Creative Non-Fiction

Johanna Van Zanten

3 Comments

These survivors from Germany and the occupied territories had been shipped by railcars and worked and brutalized to near-extinction in German industrial extermination camps.  We saw photos and videos of piles of collected items from those gas chambers – for example, millions of bones of the exterminated as high as a house. We saw piles of suitcases, and boots, and human hair to be used for pillow fills; as well as large dug-outs with emaciated dead bodies, ready to be set on fire. We heard all of the atrocious facts of that particular war.  It was a scary mystery to us children how this could have happened? We were shown these unimaginable images with the moral intention that we never allow this kind of catastrophe even happen again when we became adults and rule the world in the place of our parents. We were educated – no – indoctrinated to become tolerant and to appreciate differences in others and learn to recognize, and disapprove of, the slightest signs of discrimination. We children embodied the hope of our parents for a better future for the nation and the world. No wonder we were the “flower-power” and “love” generation and despised war as adults: “make love; not war!”

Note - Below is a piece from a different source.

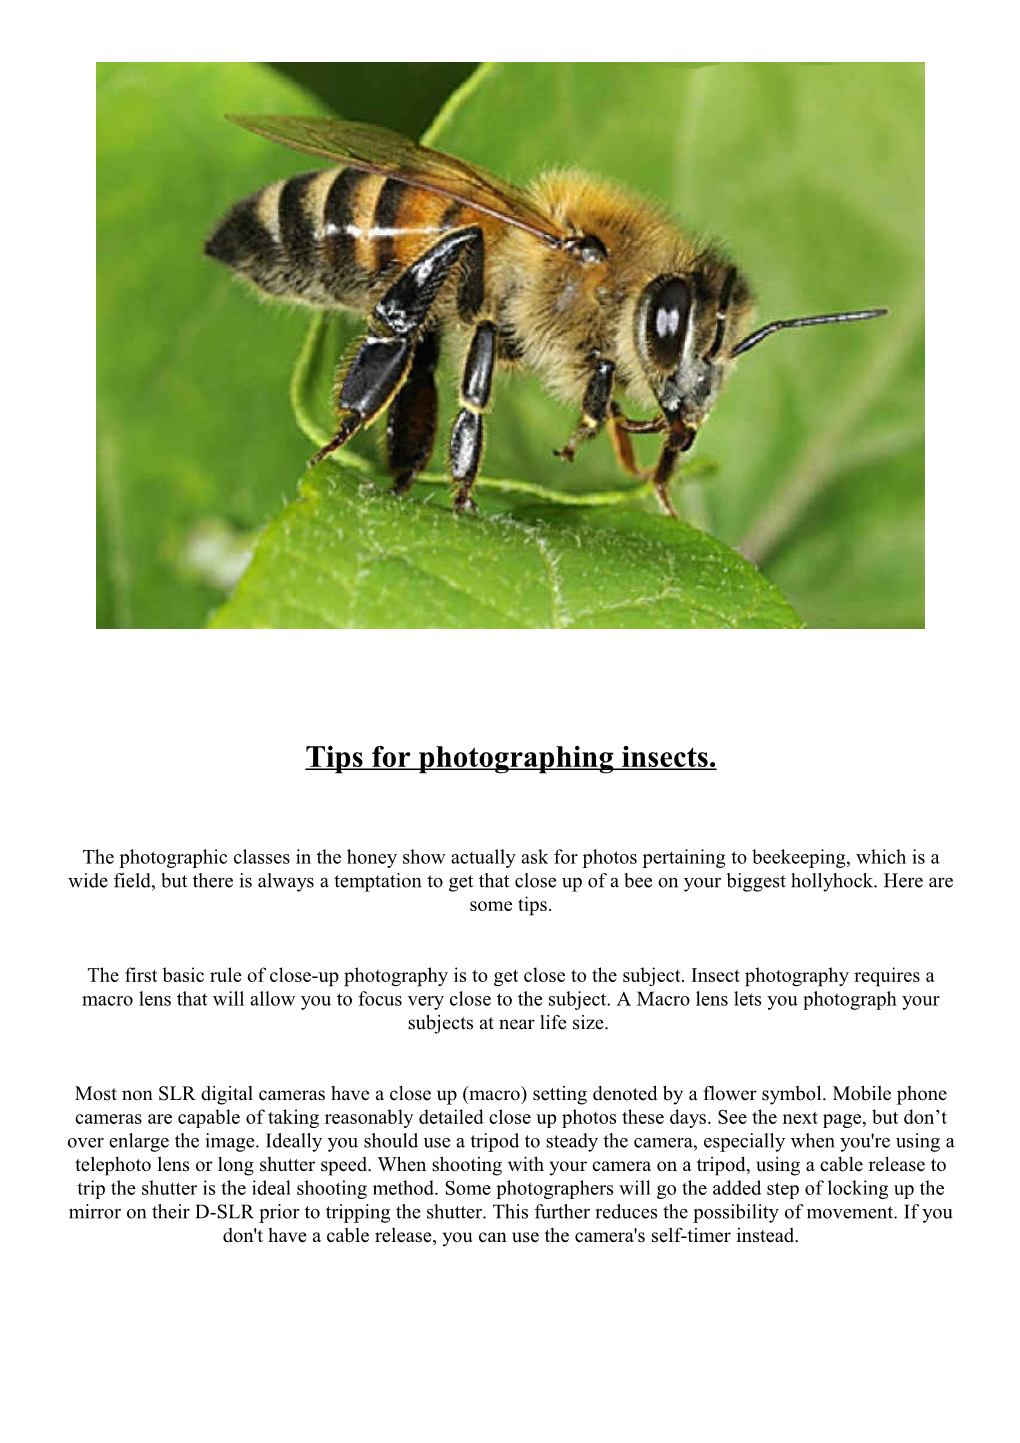 Tips for Photographing Insects

Recently my eldest cousin  who is eighty years old gave me the result of his research into my family’s history. It included a piece written by my dad, Jan, about the arrests of Dutch collaborators as well as of the enemy on the heels of the war, on liberation day. Seventy years later, it was the first written account of his that I would ever read. Jan’s matter-of-fact report started set me wondering and imagining the scenario around, and condition under, which he wrote. As a policeman, he must have had a hell of a time cajoling German army officials, while trying to protect the town’s residents from depraved Nazi policies. The occupiers frequently arrested non-compliant citizens  and sometimes shot them for the slightest of infringements against War-time German regulations. Sometimes they were even held for no offence at all but as hostages. It was not uncommon for a person to be shot in the street execution-style just as a deterrent. This was an example of the terror-rule by the Nazis.  It is possible that the occupying force showed Jan some measure of difference because he was married to a German woman.  In any case, he remained the town’s police chief until liberation from occupation by the allied forces.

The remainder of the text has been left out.